Open viragumathe5 opened 4 years ago
@cclauss Please see proposal.md
Thank You
Really cool! It sounds like a fun project.
Do the current wayback machine web scrapers deal with news and social media? If yes, what improvements need to be made and why?
What are some news sites that you propose to crawl? What are some social media sites that you propose to crawl?
How will you ensure that your approach is efficient and will not overburden the target websites?
What are some of the sources of web scraping best practice that you intend to use?
Also why Python? The current codebase is Java so why make the shift? Will Python make the functionality easier to implement? Are there more mature web scraping capabilities in the Python community that in the Java community?

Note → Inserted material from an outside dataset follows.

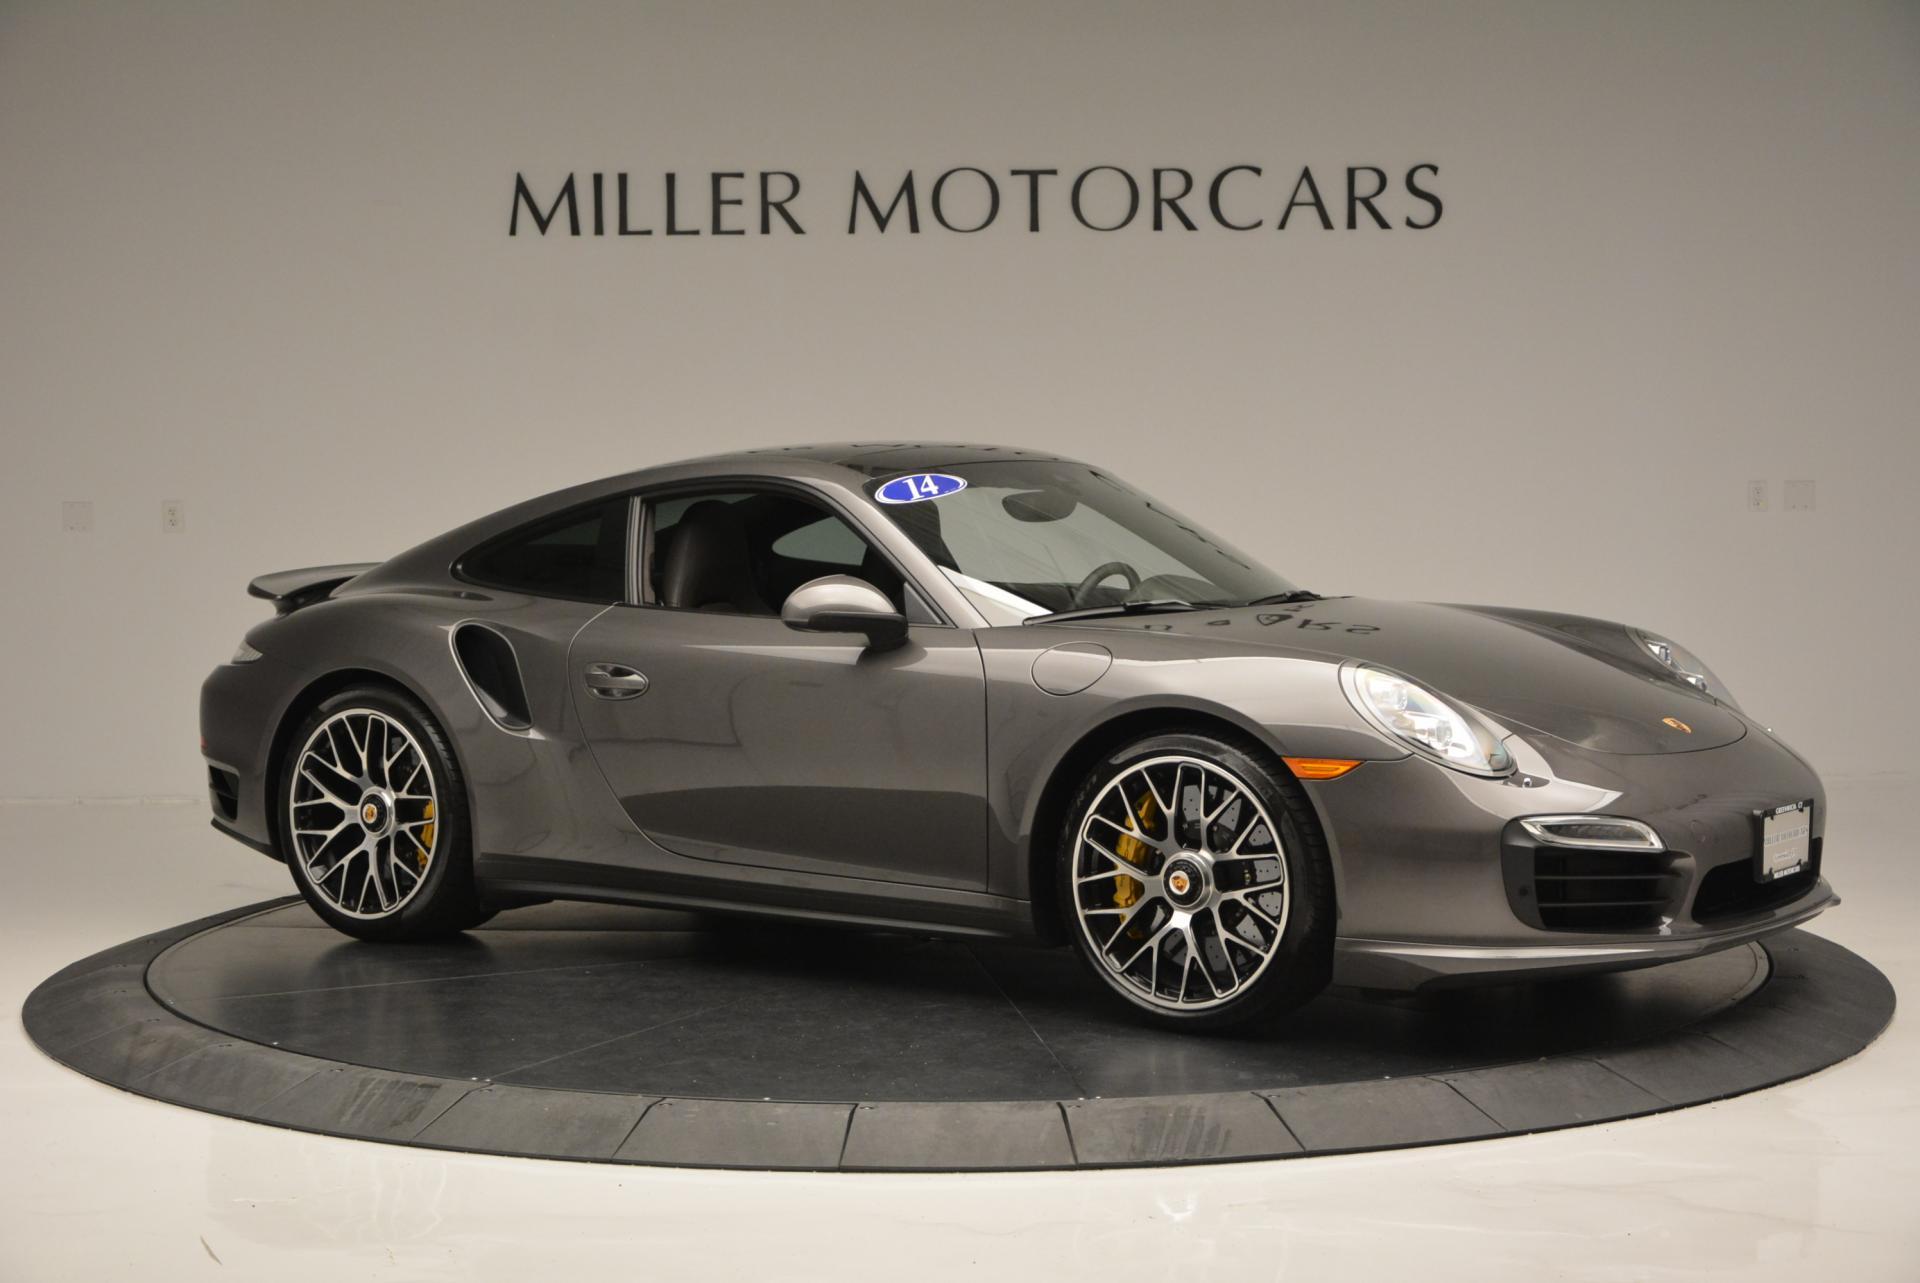 Used 2014 Porsche 911 Turbo S For Sale In Greenwich, CT 113_p9

Will it be easier for new contributors to add new sites and new functionality when this work iis done?
Will it be possible to add new sites via configuration or will new code have to be written for each new site?
@cclauss The reason I am using Python here for scraping and crawling is as
My personal view over it
These all reasons shows why I am proposing the solution in python Still, you want to use Java for the solution I am flexible enough and definitely complete the project
@cclauss I found one Wayback machine scraper but it does not support the scraping attributes like messages and social media content bit they provide the CLI for it I really think if we are possibly able to give the CLI for the scraper so it would be great what do you think about this ???
If you liked this I will add this in my Proposal so that I can prepare for it in Community bonding period
I am OK with using Python. I just wanted to make sure that your proposal provided a strong justification for why you chose to use Python.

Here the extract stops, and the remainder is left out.